DATA SECTION:
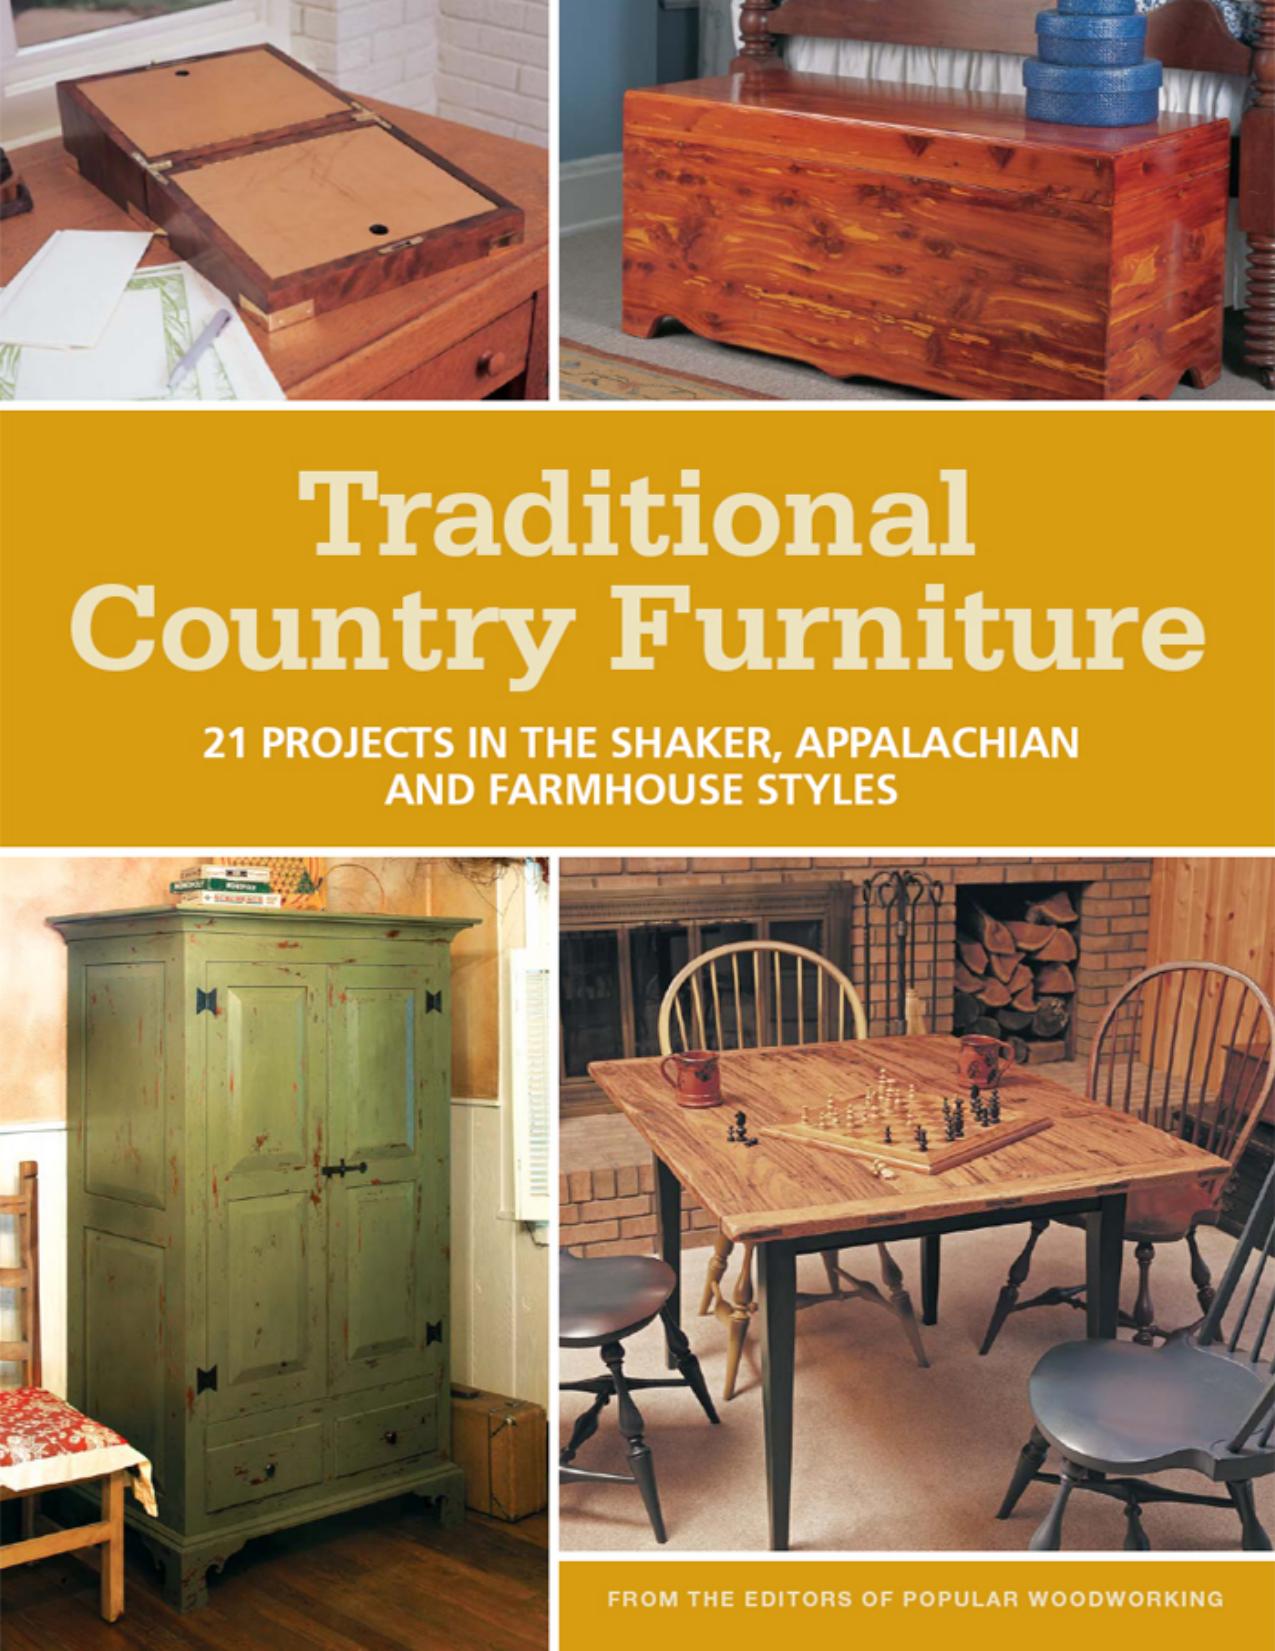 Traditional Country Furniture by Editors of Popular Woodworking
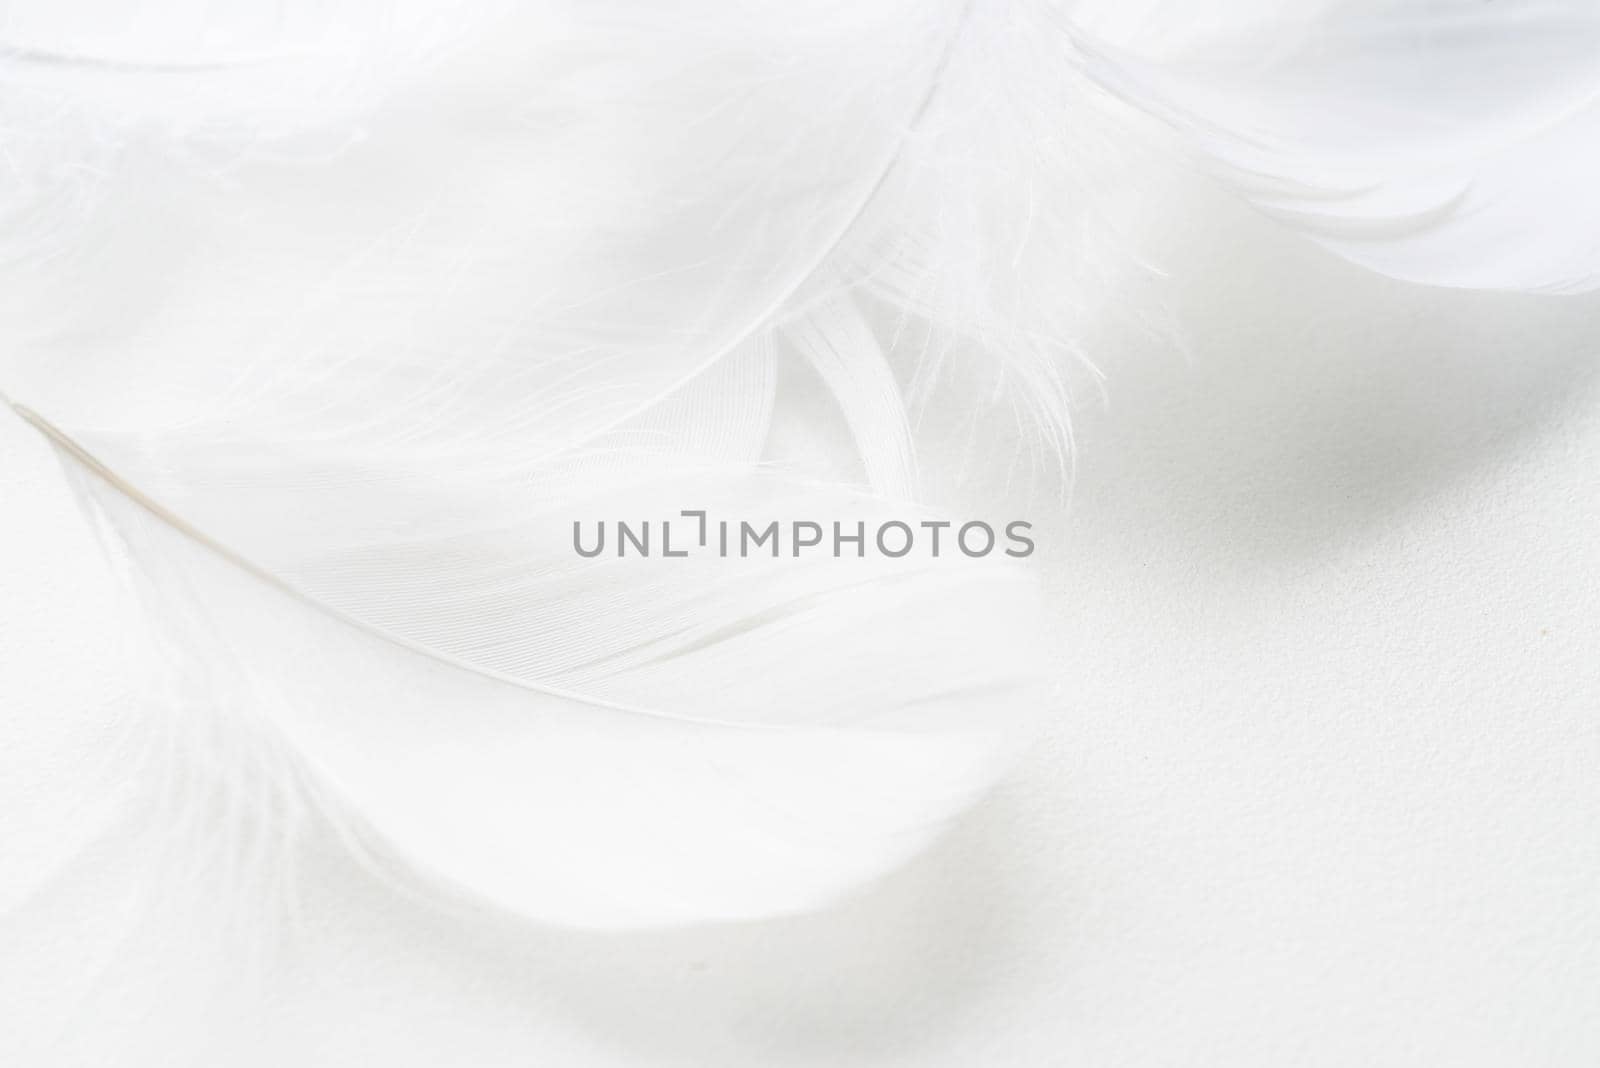 Abstract background. Texture. Black and white fluffy bird feathers background
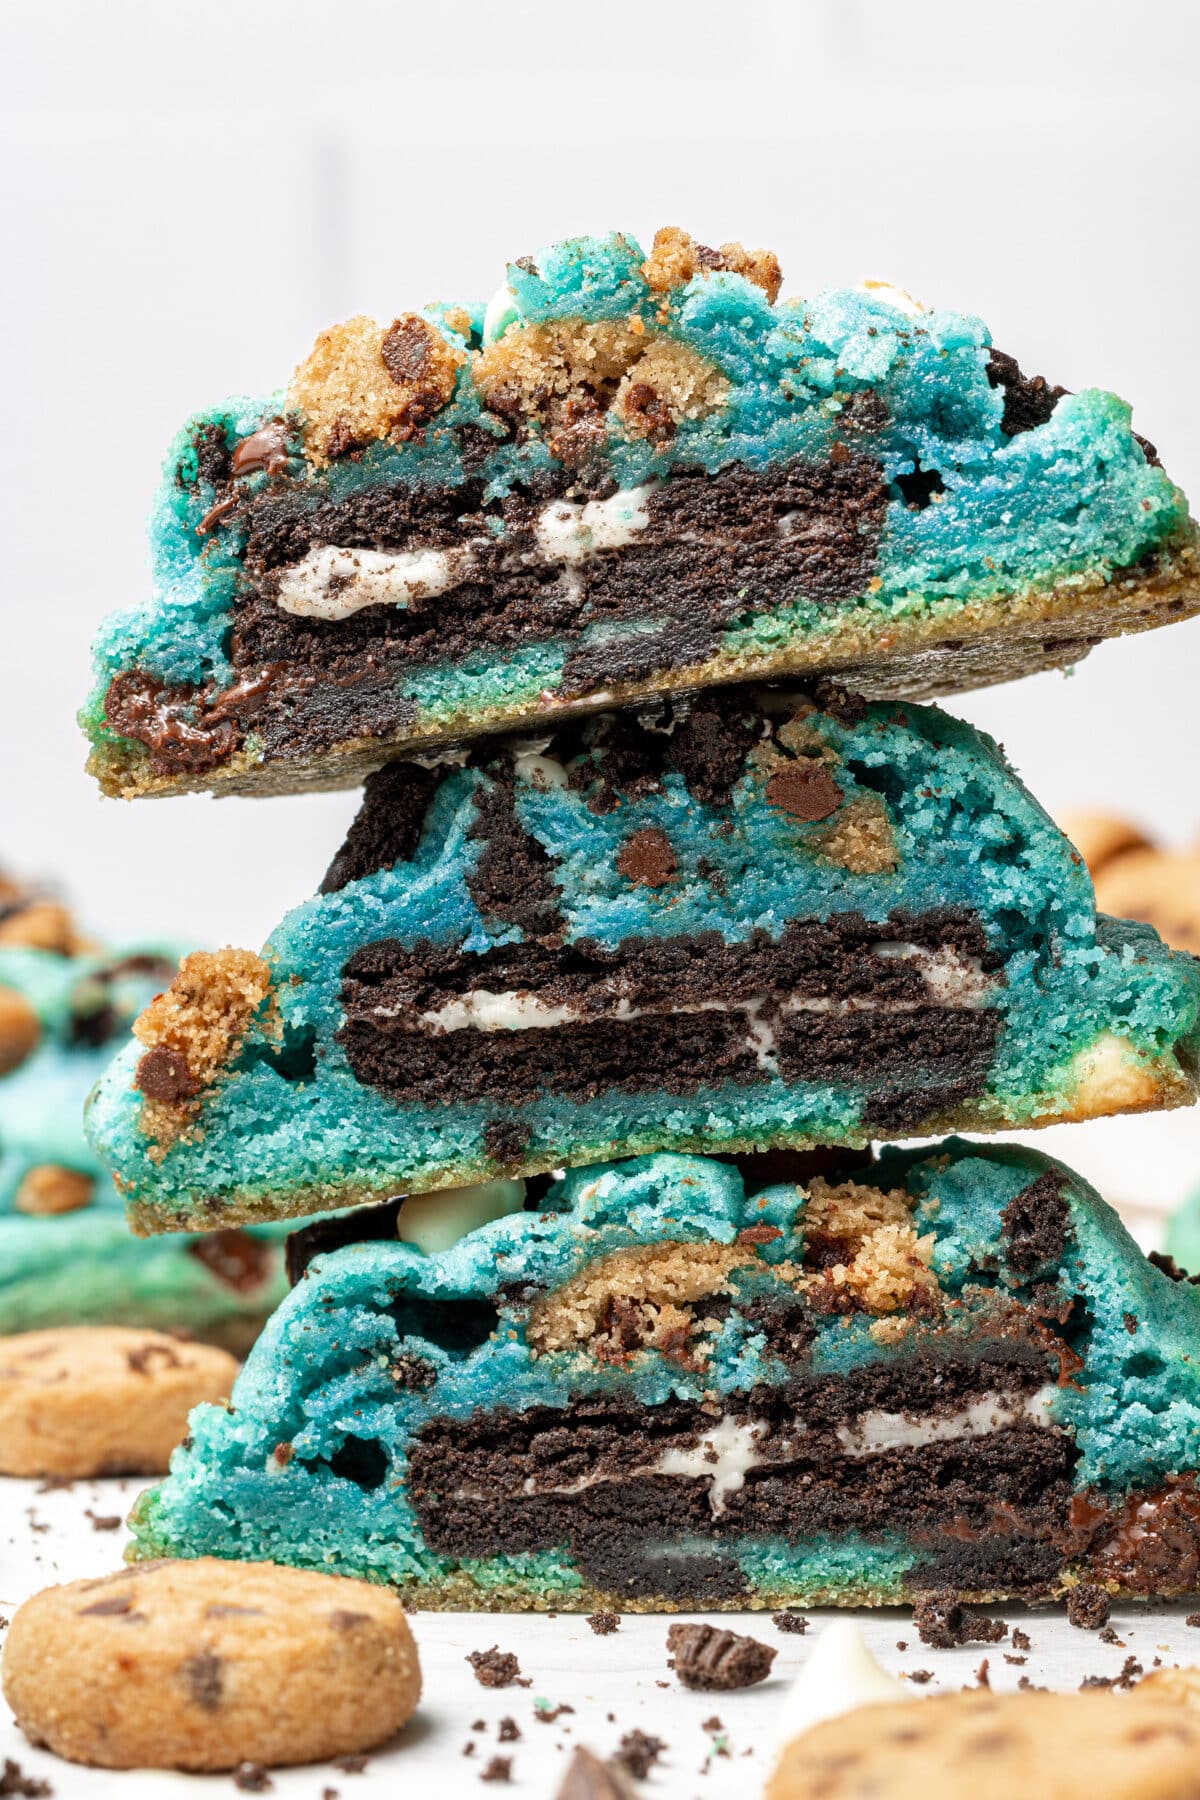 Cookie monster cookies cut in half and stacked mini cookies scattered around
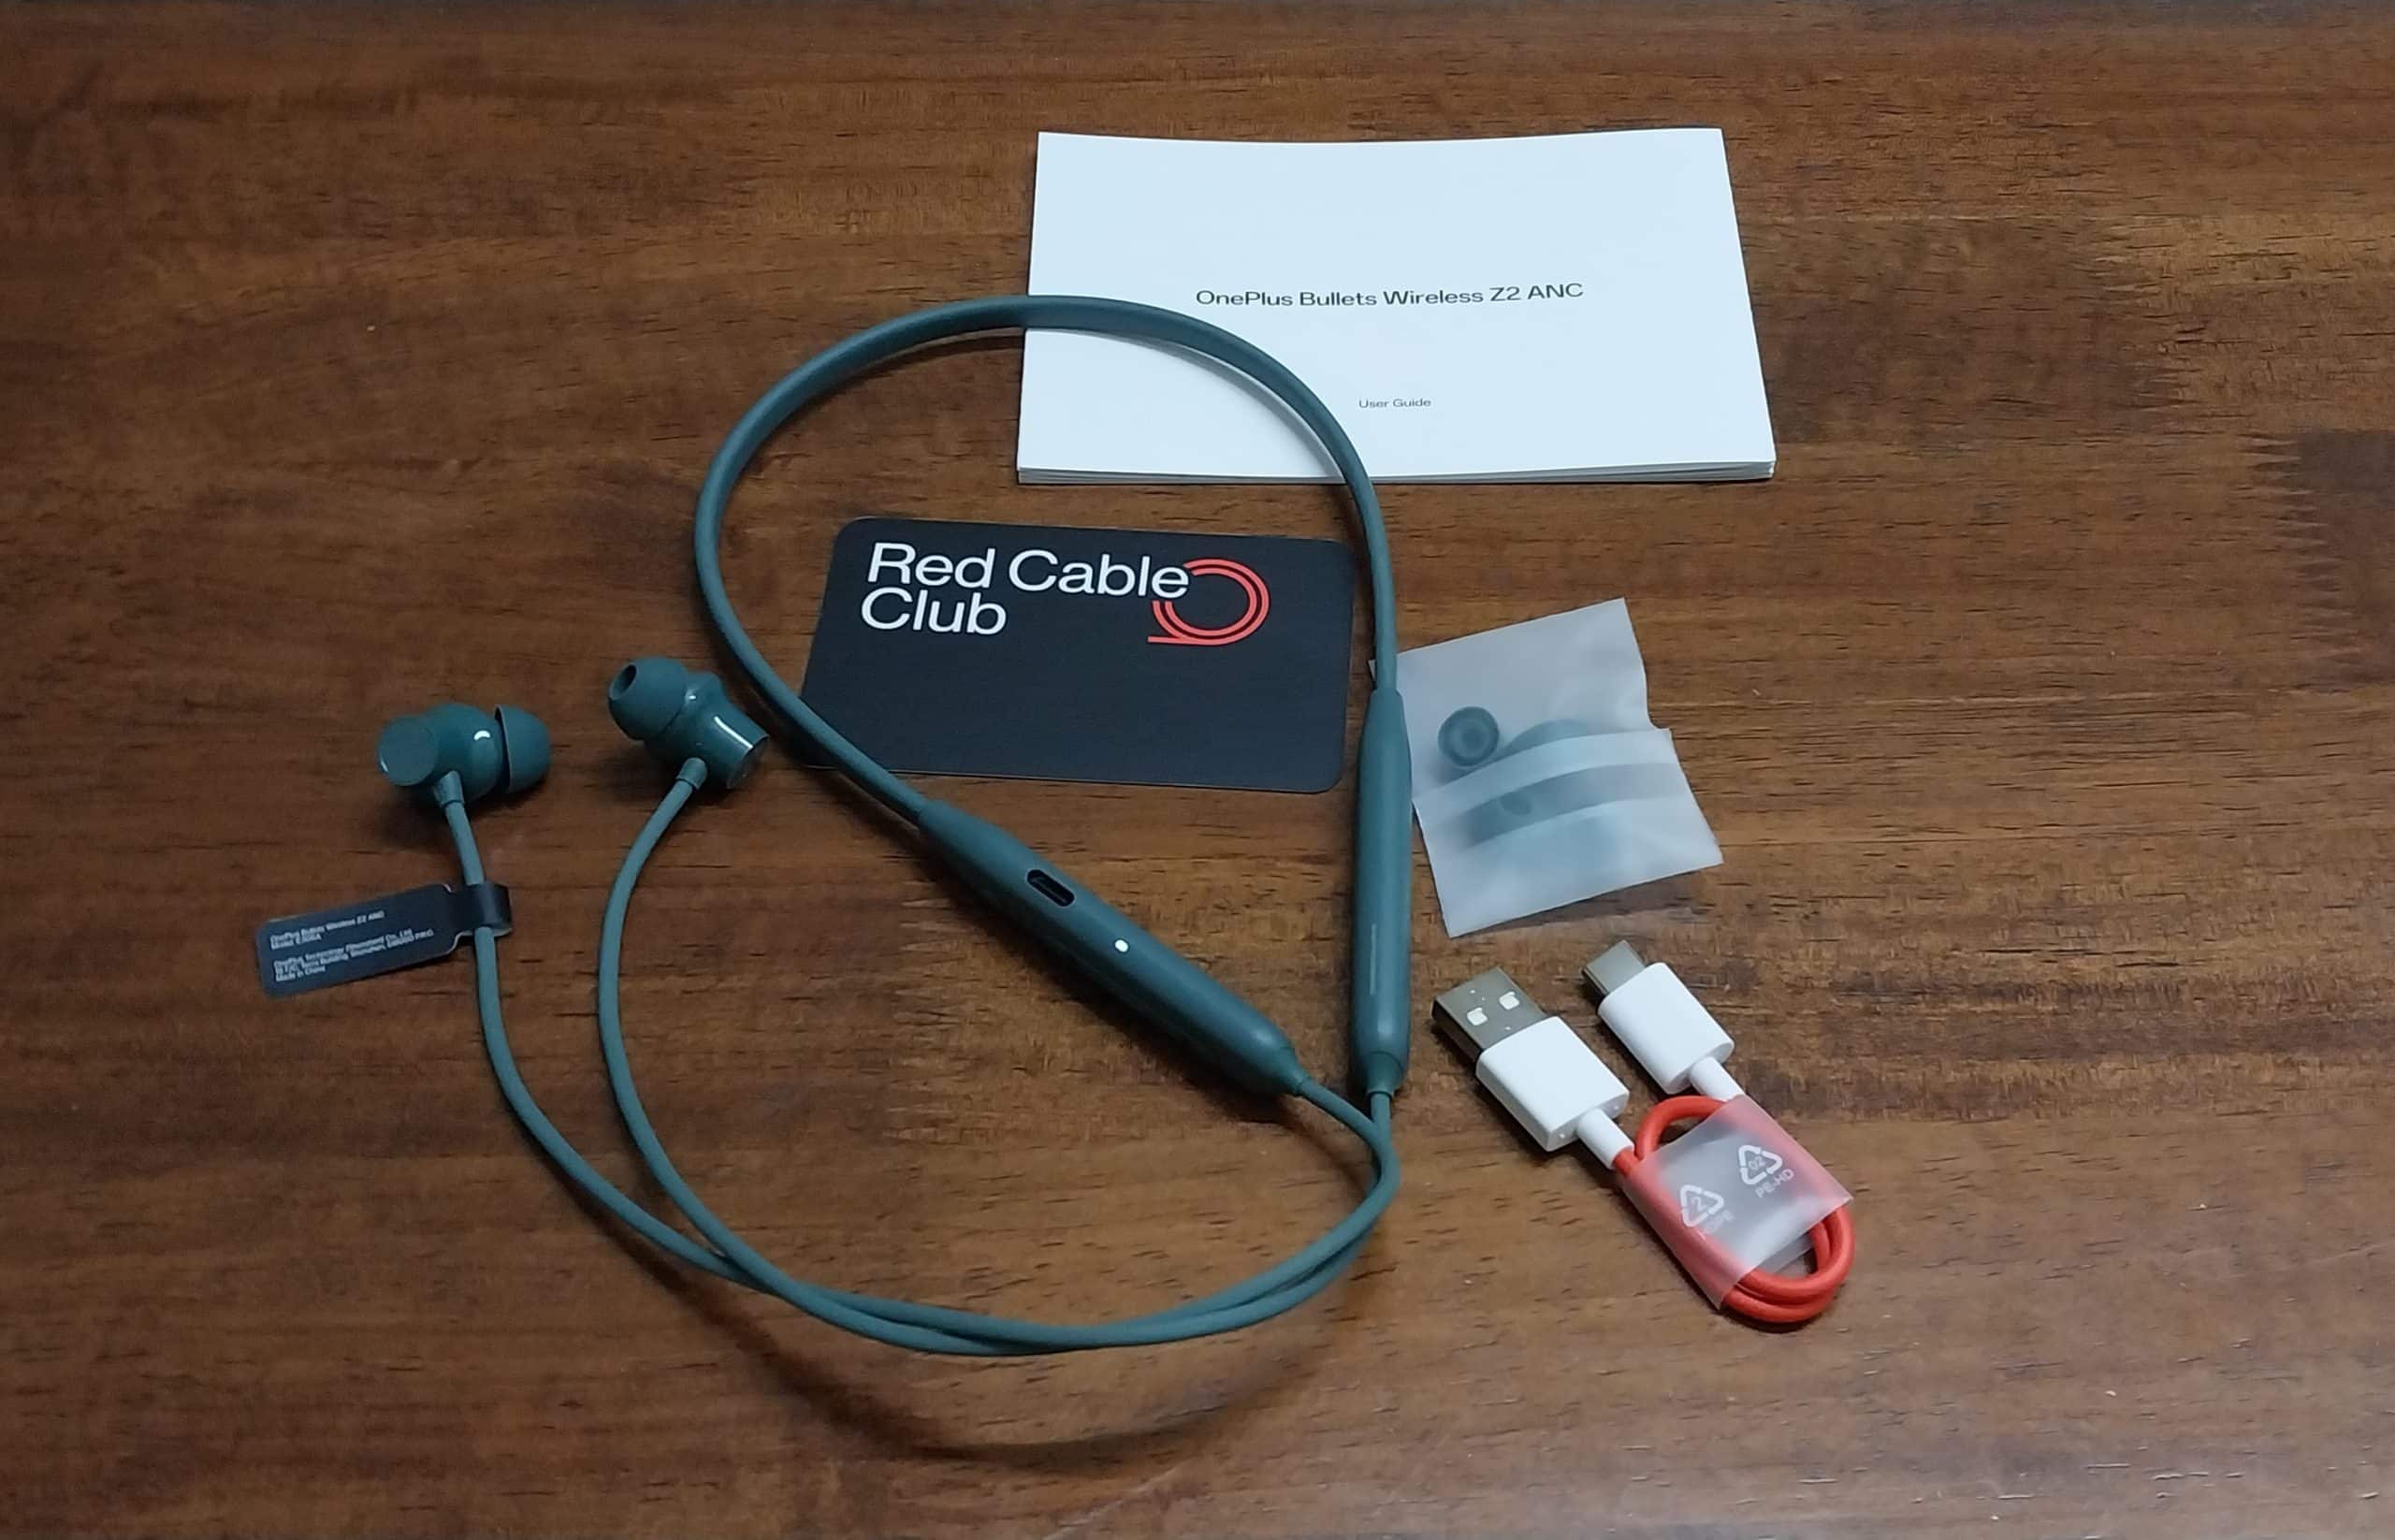 OnePlus Bullets Wireless Z2 ANC - Features

TASK STATEMENT:
Every line above should be copied exactly; do not carry over the pictures.

EXERCISE RESPONSE:
 Traditional Country Furniture by Editors of Popular Woodworking
 Abstract background. Texture. Black and white fluffy bird feathers background
 Cookie monster cookies cut in half and stacked mini cookies scattered around
 OnePlus Bullets Wireless Z2 ANC - Features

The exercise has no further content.